- Promotional poster
- Written by: Stephen Tolkin
- Directed by: Adam Salky
- Starring: Penelope Ann Miller Mia Kirshner Sam Duke Sarah Dugdale Robert Moloney Catherine Lough Haggquist Michael Shanks
- Country of origin: United States
- Original language: English

Production
- Executive producer: Gail Katz
- Running time: 87 minutes
- Production company: Varsity Films

Original release
- Network: Lifetime
- Release: October 12, 2019

= The College Admissions Scandal =

2019 American TV film

The College Admissions Scandal is a 2019 TV film that aired on Lifetime as part of its "Ripped from the Headlines" feature film. The film is based on the 2019 college admissions bribery scandal and stars Penelope Ann Miller, Mia Kirshner, and Michael Shanks. It tells a fictional account of the event that involves two fictional characters.

==Premise==
Caroline DeVere (Penelope Ann Miller) and Bethany Slade (Mia Kirshner) are two wealthy mothers. Caroline is an interior designer and Bethany owns a financial services firm.
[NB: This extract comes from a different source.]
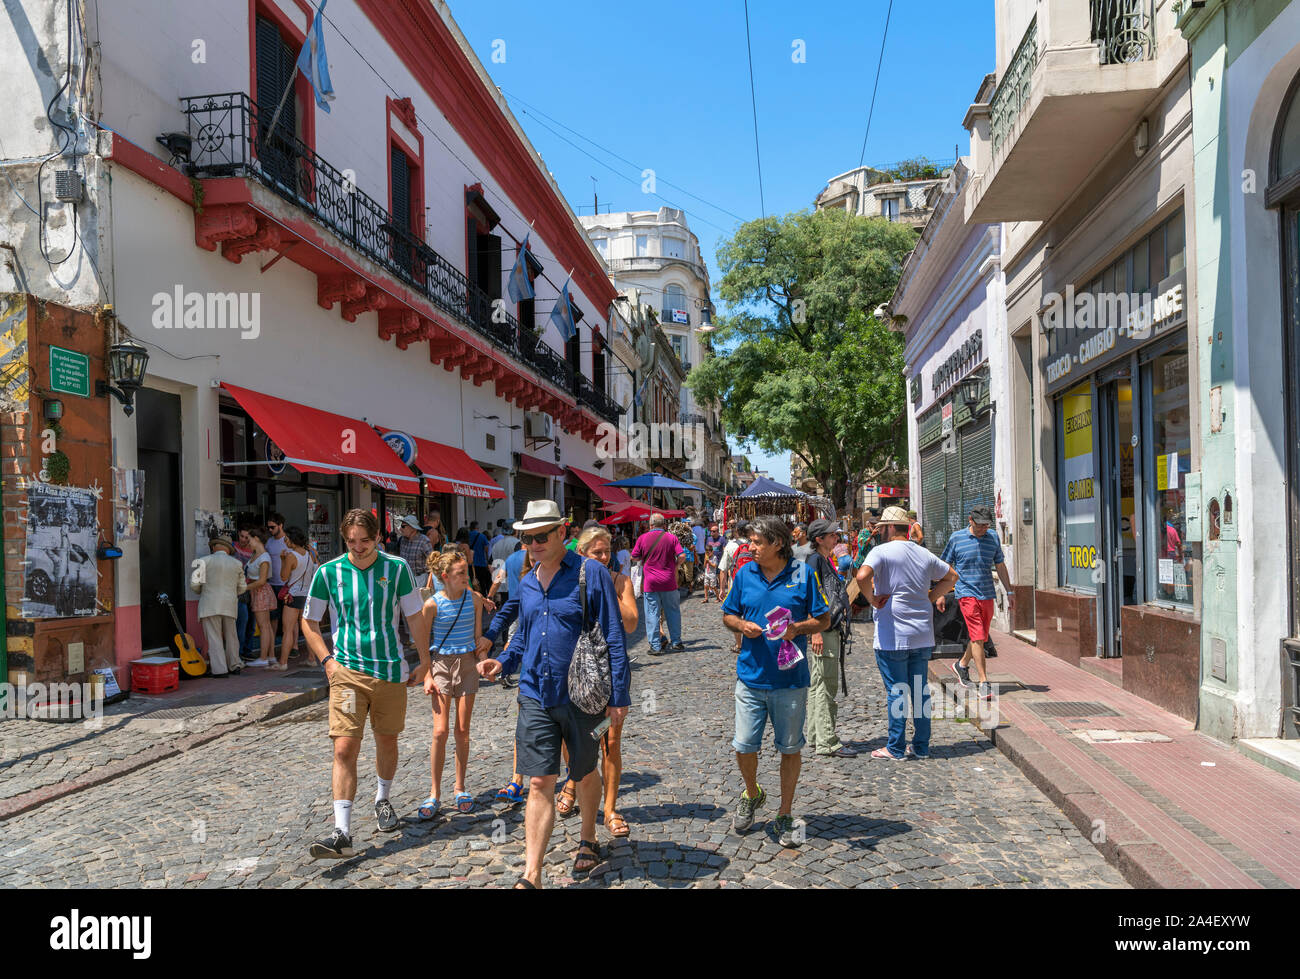 Defensa, einer kopfsteingepflasterten Straße im Stadtteil San Telmo, Buenos Aires, Argentinien Stockfoto

When they want their teenagers to get into an elite college, they resort to paying Rick Singer (Michael Shanks) to get them in.

==Cast==
- Penelope Ann Miller as Caroline DeVere
- Mia Kirshner as Bethany Slade
- Michael Shanks as Rick Singer
- Sam Duke as Danny DeVere
- Sarah Dugdale as Emma Slade
- Robert Moloney as Jackson DeVere
- Catherine Lough Haggquist as Erica Valdez
- Kendra Westwood as Carla Pontrell

==Production==
On September 5, 2019, ET Online reported that characters in the film would be depicted by actresses Mia Kirshner and Penelope Ann Miller in roles inspired by Lori Loughlin's and Felicity Huffman's involvement in the college admissions matter. Describing her role, Kirshner was quoted saying, "This story is about privilege and corruption and it's about people who don't follow the rules because they think they're above rules... My character (based on Loughlin but named "Bethany" in the film) is so corrupt, greedy, narcissistic, self-centered, and the dialogue is hilarious, so I'm glad that they're able to capture humor about this as well."

==Reception==

The film premiered with a 719,000 viewers. On Rotten Tomatoes, the film scored based on reviews. On Metacritic, the film scored a 57 based on 7 critic reviews.

Gwen Ihnat of The A.V. Club gave the film a C+.